Осень поворачивается ко мне, поджав ногу под себя.

— Ну, что за пургу сейчас гнал Мэнни?

— Похоже, он догадался, что я на парней.

Осень хлопает глазами. Я знаю, что она против дискриминации геев: Осси обожает Эмили и Шивани, критикует отношение СПД к квир-прихожанам, прошлой весной раздавала флаеры на мероприятии Центра толерантности средней школы Прово. Но поддерживать ЛГБТ в принципе — это одно, и совсем другое — в реальности. В своей жизни. В лице своего лучшего друга.

— Фактически я бисексуал. Подозревал я это давным-давно, а удостоверился в тринадцать лет.

Осень показывает себе на лицо.

— Если вид у меня странноватый, пожалуйста, не пойми превратно. Расстроена я только из-за того, что ты не открылся мне раньше.

Я пожимаю плечами. Вряд ли стоит зацикливаться на том, что, когда с ней откровенничать, решаю я сам.

— Вот, теперь открылся.

— Думаю, это очень важно.

Это меня смешит.

— Конечно, важно. Я объясняю, как бьется мое сердце.

В глазах у Осени изумление.

— Но в десятом классе ты тискался с Джен Райли. Я сама видела, — говорит она. — А как насчет Джессы, Кейли и Трин? Ты же сексом занимался. С девушками.

— Я и с тобой тискался, — напоминаю я. Осень краснеет, а я тычу себе в грудь. — Бисексуал!

— А вот если бы у нас в школе училась девушка — умница, красавица, наша общая знакомая… Если бы я влюбилась в нее и разбиралась в своих чувствах самостоятельно, ничего тебе не говоря, ты не обиделся бы?

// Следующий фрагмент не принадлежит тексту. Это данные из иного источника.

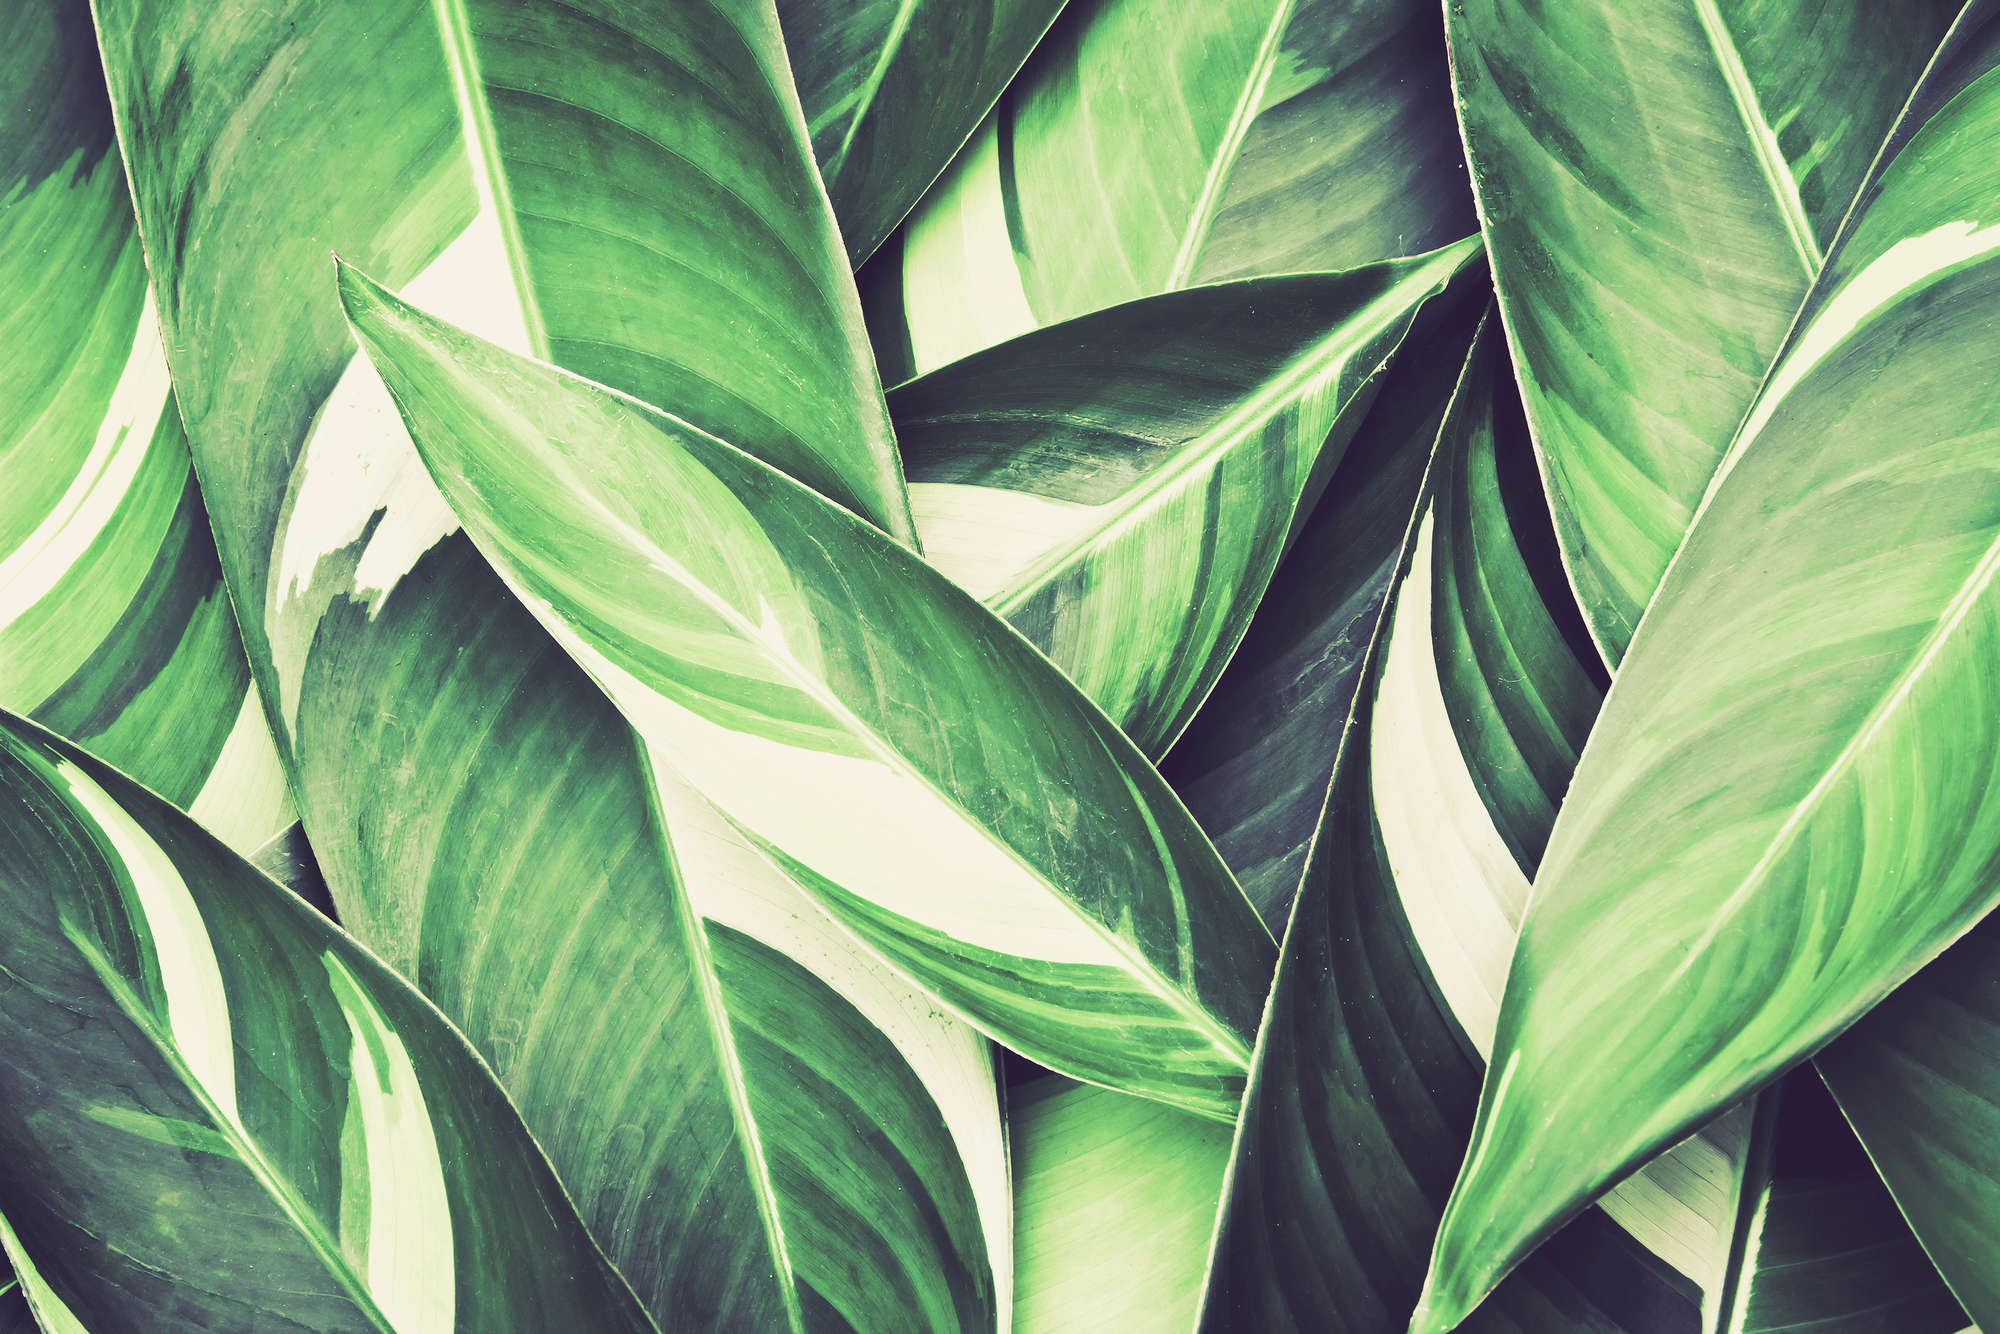             Nature mural palm leaves motif green on matt smooth fleece
        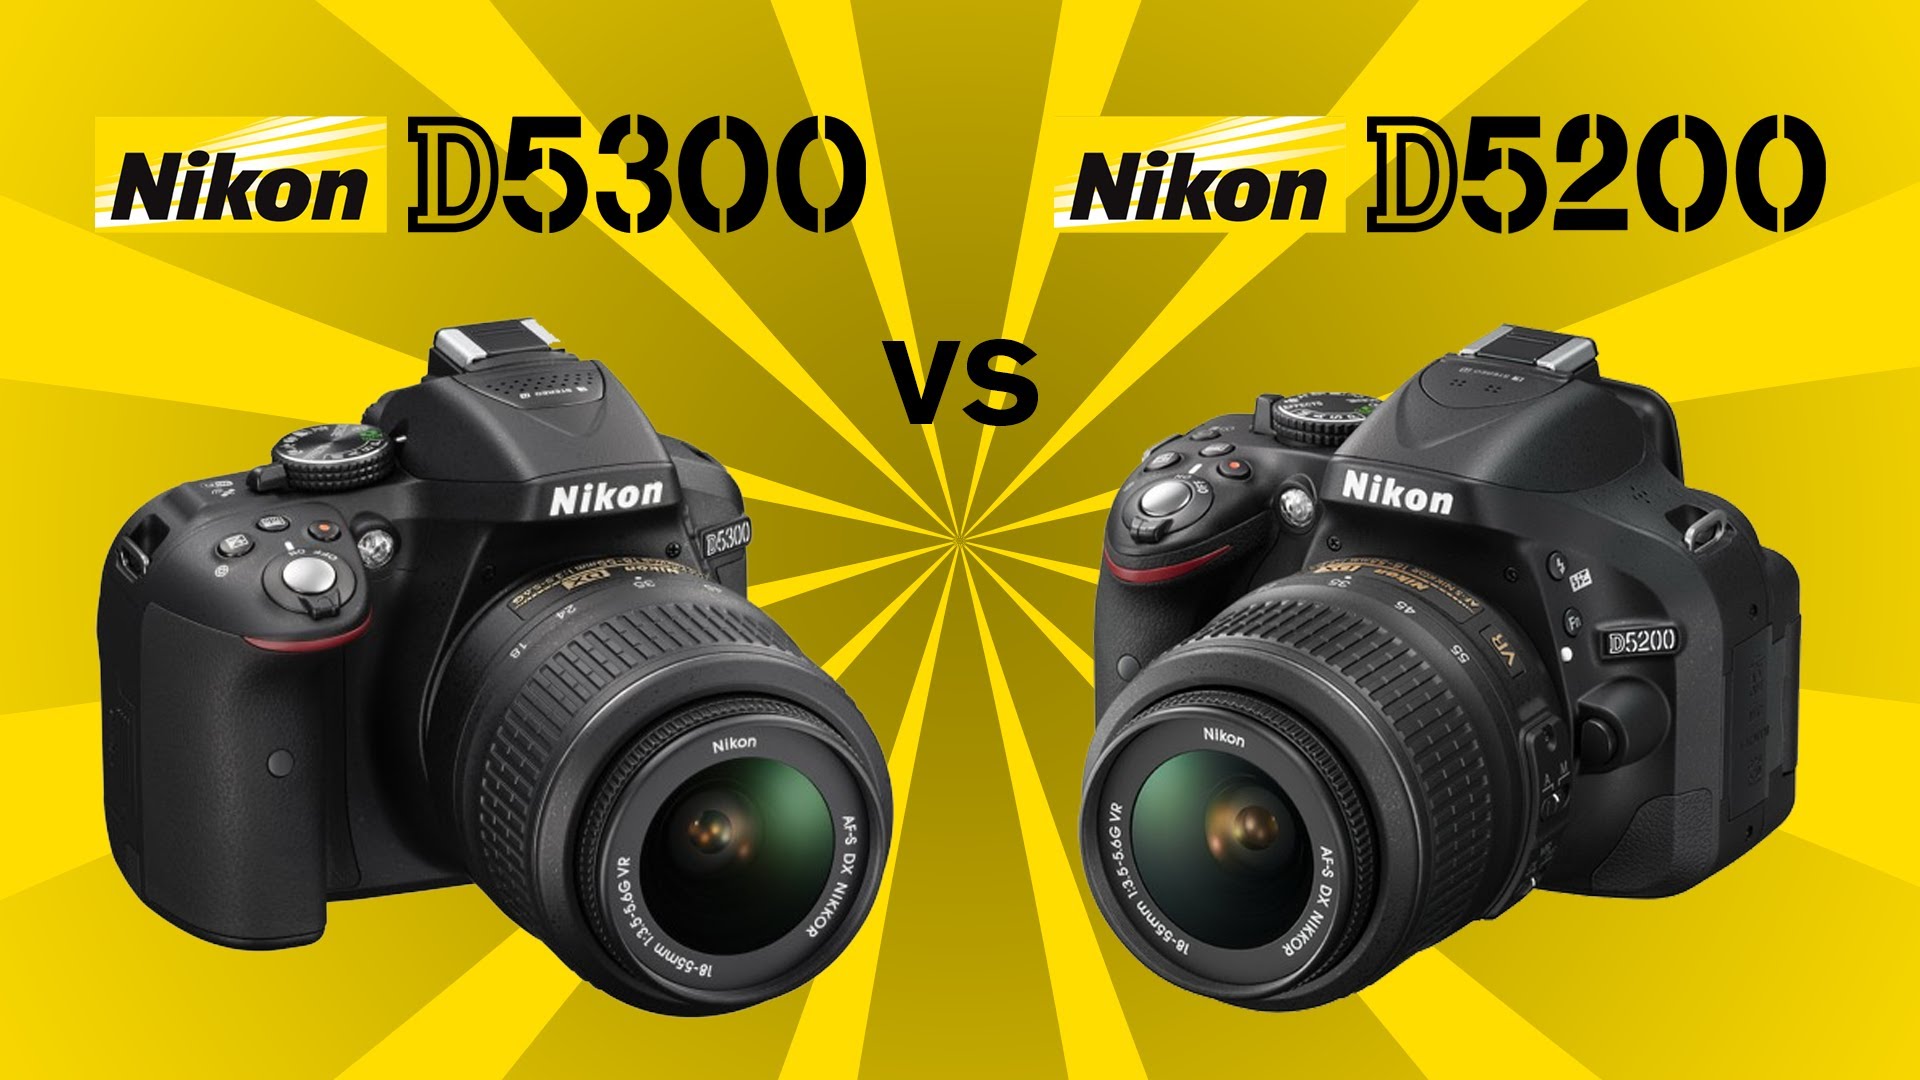 Nikon D5300 vs Nikon D5200

О таком я и не помышлял. Да, слегка обидно даже предполагать, что я был бы рядом и готов помочь, а Осень не доверилась бы мне.

— Понимаю тебя. В свою защиту скажу, что это Прово. И ты же знаешь мою маму. По этому вопросу она совершенно непреклонна: все, кто не с нами на сто процентов, те против нас. Я боялся, что мы с тобой начнем спорить или ссориться.

— Боже… Теперь многое проясняется. — Осень поворачивается к окну и медленно выдыхает. На стекле появляется облачко конденсата. Осень рисует на нем сердечко, фоткает и выкладывает в снэпчате с комментарием «ВАУ!» огромными красными буквами.

— Итак, Себастьян, — говорит она.

— Ага, Себастьян в курсе. — Я намеренно «не понимаю», к чему клонит Осси. — Выяснил он случайно. По синопсису моего романа… Я забыл удалить слово «квир», да и там автобиографией за милю пахнет.

У Осени глаза на лоб лезут от легкости, с которой я произношу «квир». Забыл я, что не у каждого матери спят в ночнушке с надписью «МОЙ РЕБЕНОК-КВИР ПОКОРЯЕТ МИР!».

— Твой роман о нем?

— Сначала я писал о своей жизни в этом городе. Потом появился Себастьян, и… да, роман о том, как я в него влюбился.

— Так он?..

— Себастьян никогда не говорил мне, что он гей, — отвечаю я и по сути не вру. Выдавать его я не вправе ни при каких обстоятельствах. — На миссию он собирается, так что, наверное…

Осень улыбается и берет меня за руку.

— Танн, это не значит, что Себастьян не гей. Многие мормоны — геи. И многие миссионеры, и даже многие женатые мужчины.

— Ну да, наверное. Я просто… подавлен.